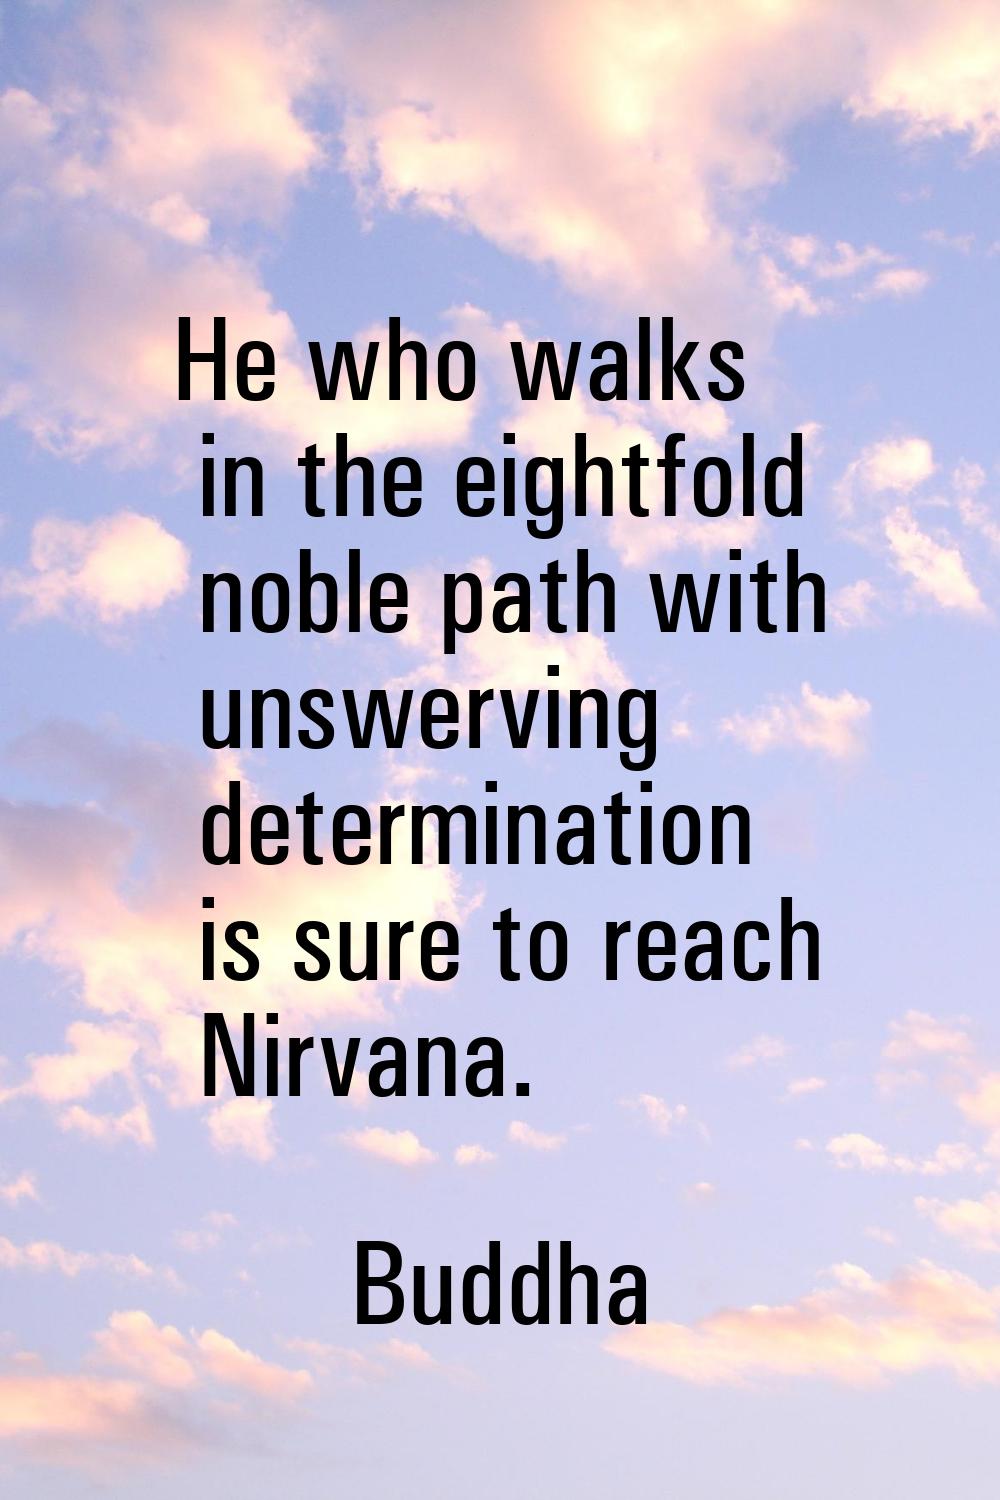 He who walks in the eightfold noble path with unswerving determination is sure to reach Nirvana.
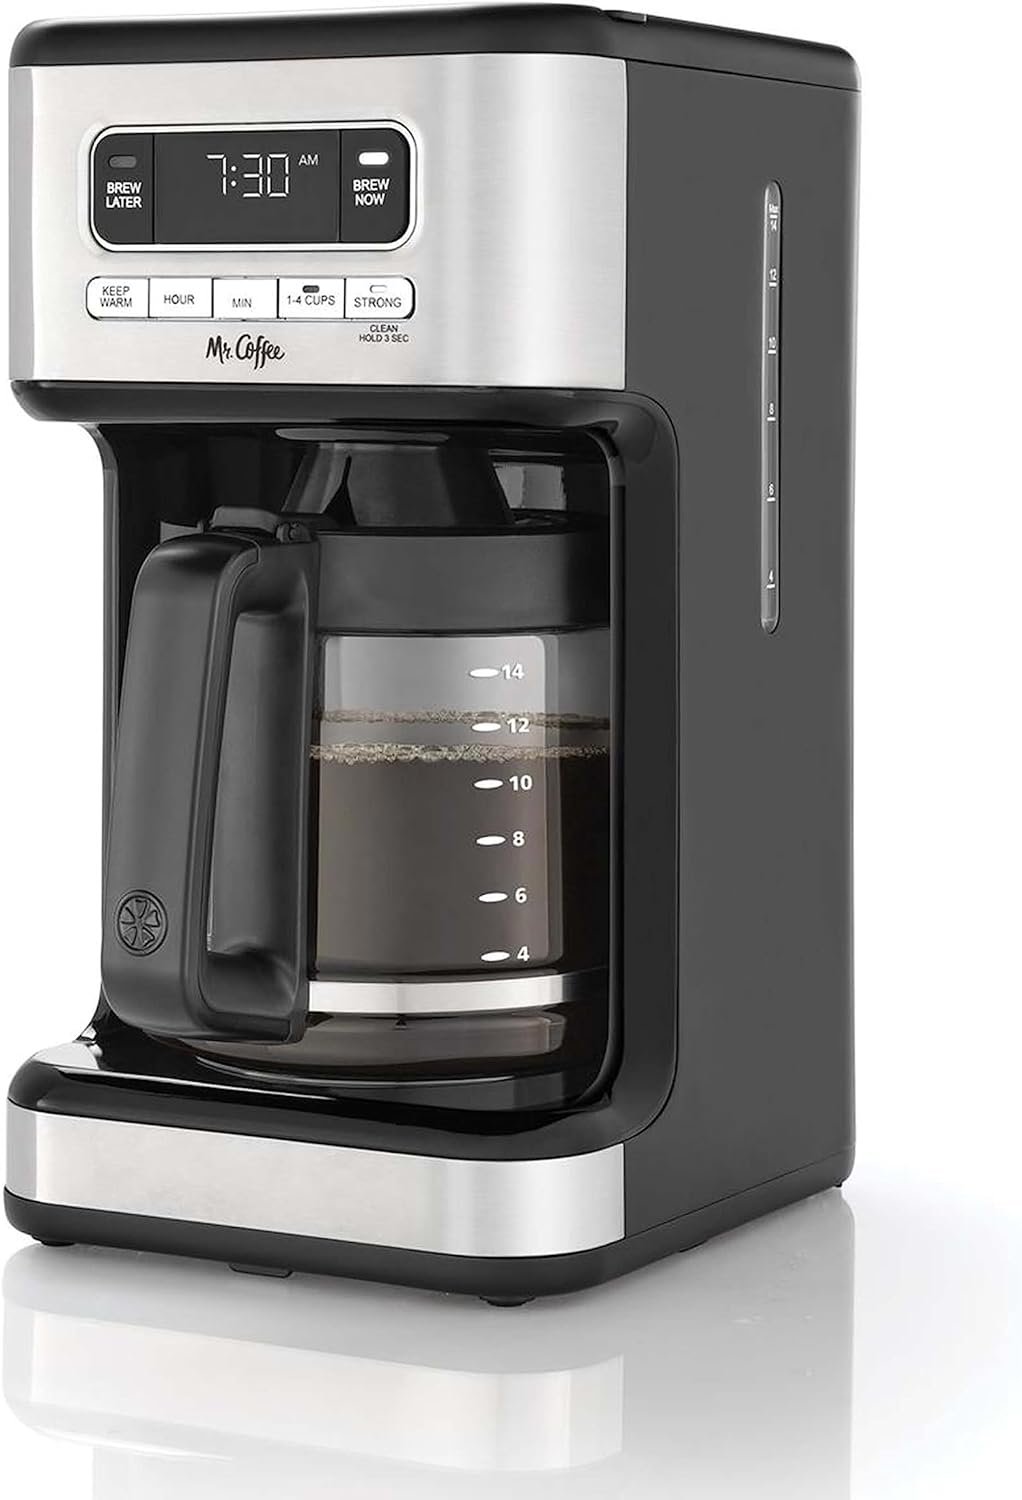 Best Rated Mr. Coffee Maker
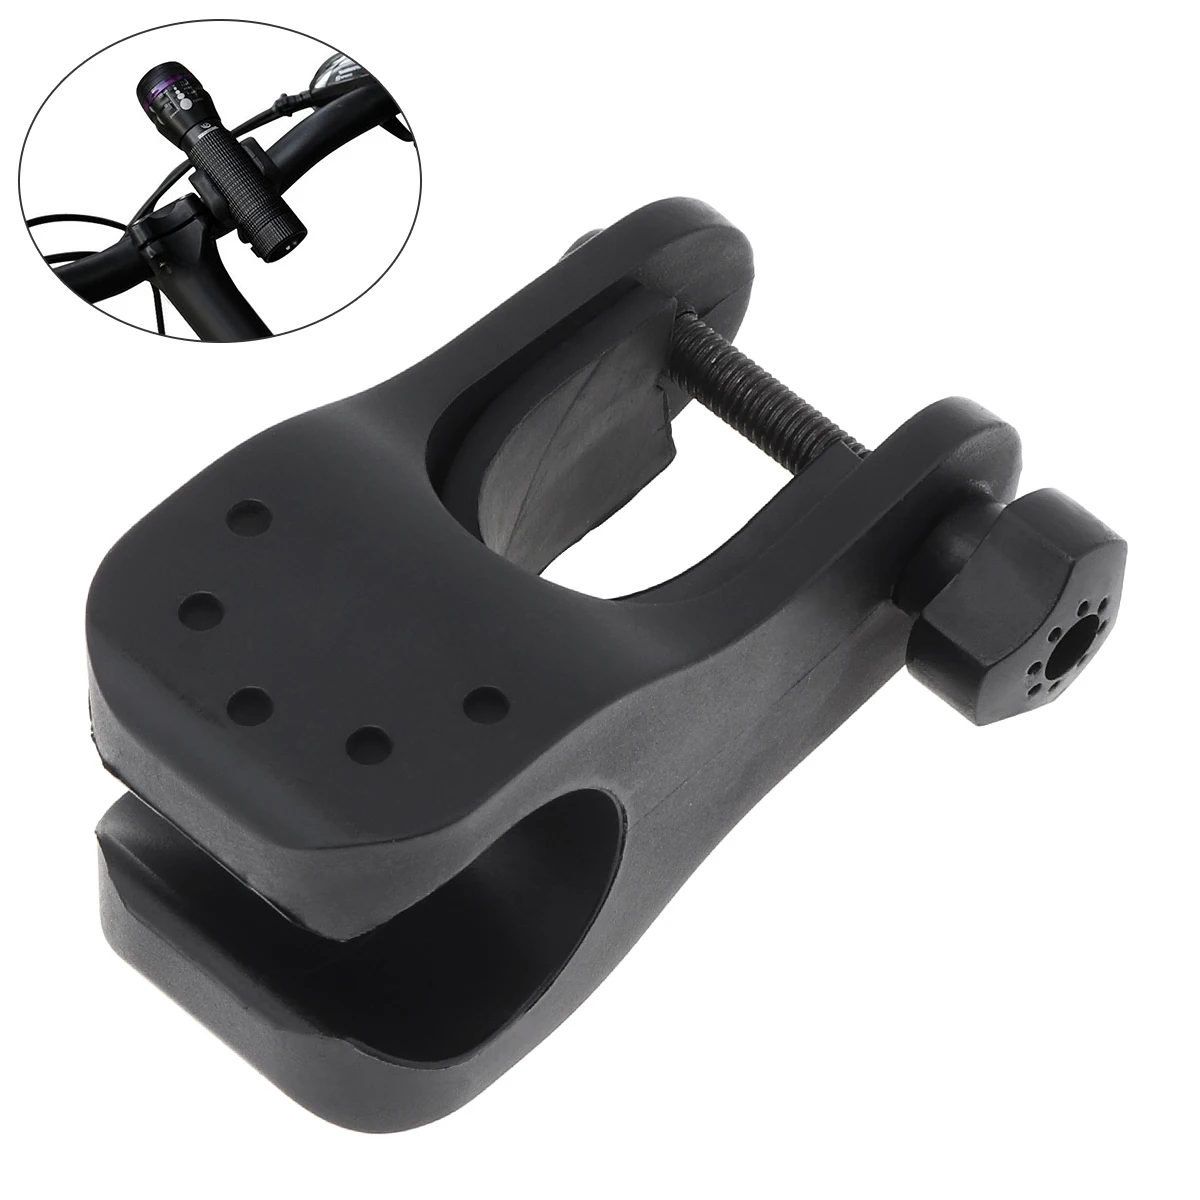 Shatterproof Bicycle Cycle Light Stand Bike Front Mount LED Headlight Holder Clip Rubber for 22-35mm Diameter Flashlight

================================

Exercise aim: Return an exact copy of the data above, apart from any pictures.

Solution:
 He who walks in the eightfold noble path with unswerving determination is sure to reach Nirvana.
 Best Rated Mr. Coffee Maker
 Shatterproof Bicycle Cycle Light Stand Bike Front Mount LED Headlight Holder Clip Rubber for 22-35mm Diameter Flashlight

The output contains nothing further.